The National Consumer Law Center explores ways to “slow the rate of home loss in communities of color” when heirs property issues arise. An heirs property occurs when multiple beneficiaries inherit a home but haven’t gone through probate to clarify the title. Across generations, this can result in an exponential number of inheritors with fractional equity in a home. It’s an issue that disproportionately impacts Black families, who in these cases may be left without access to property tax relief programs, disaster relief funds, homeowners insurance and home repair grants.
CLIMATE and FINANCE
California Climate.
Two coalitions of businesses have sued to overturn California’s first-of-its-kind climate disclosure law, which would require companies that pull in at least $1bn in annual revenue to publicly report their greenhouse gas emissions. AFR and allies have supported California’s law, hoping it provides a blueprint for the SEC’s own inbound climate disclosure rule.
Vanguard.
A new ad from the Sunrise Project blasts the investment adviser Vanguard for pulling out of the Net Zero Asset Managers group, following “climate marching orders” from right-wing politicians. The ad and more can be found on a new site called Vanguard S.O.S, which details the asset manager’s record of “destructive investments” that put savers’ money at risk.
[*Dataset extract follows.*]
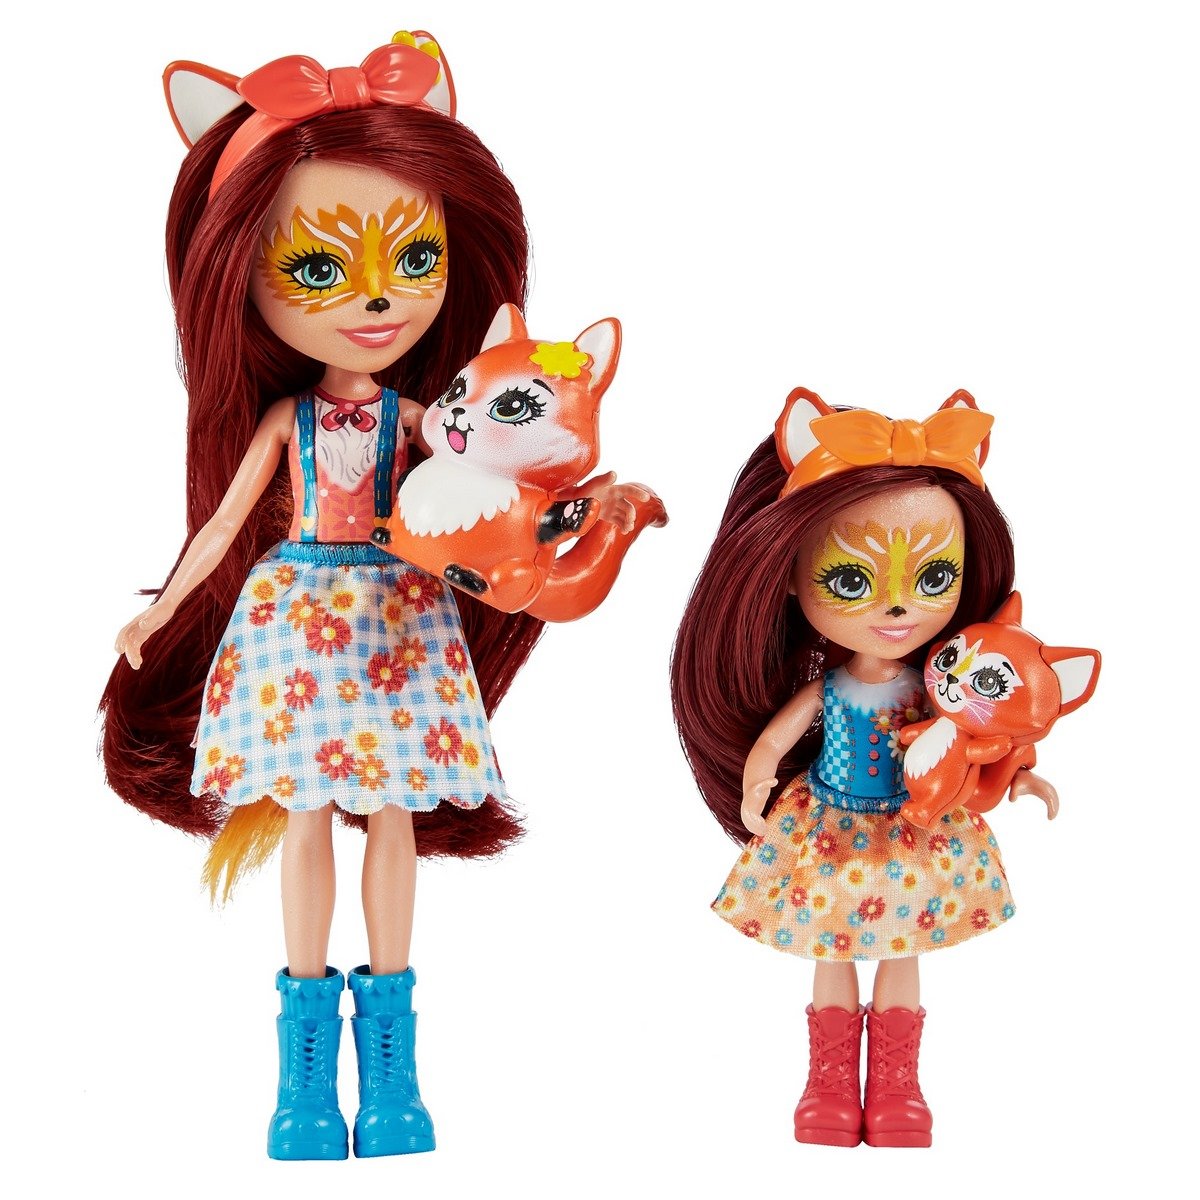 Enchantimals Mini-poupée Felicity Renard et Figurine Animale Flick, brune  avec jupe à motifs en tissu, jouet enfant, DVH89

Meat and Deforestation on the Menu.
The world’s largest meat producer, a Brazilian company called JBS, wants to join the New York Stock Exchange. A group of senators, environmentalists and others want the SEC to block it, since it would offer funding for the “scandal-plagued” company that’s been tied to deforestation in the Amazon Rainforest. A letter from senators, including Warren, Booker and Brown, flags the company’s “track record of corruption, human rights abuses, monopolization of the meatpacking market, as well as environmental risks.” The SEC’s authority might be limited, however, so long as JBS is forthcoming to its investors about its projected climate impact. Opponents of the polluting company argue that it isn’t telling the whole story about the risks.”
ExxonMobil.
The oil giant for the first time resorted to the courts to stop a shareholder proposal, and it succeeded. The Dutch group Follow This had hoped to compel ExxonMobil to set targets for greenhouse gas emission reductions.
POLITICS and MONEY
Billionaires and Universities.
Private equity billionaire Marc Rowan continues to use his wealth and status as a major donor to undertake his “hostile takeover of the core academic functions” of the University of Pennsylvania. Professors have begun to organize under the banner of academic freedom, kicking off with a rally last week to speak out against Rowan. Said Amy Offner, president of Penn’s chapter of the American Association of University Professors: the school’s become a “ground zero of a coordinated national assault on higher education, an assault organized by billionaires, lobbying organizations, and politicians who would like to control what can be studied and taught in the United States.”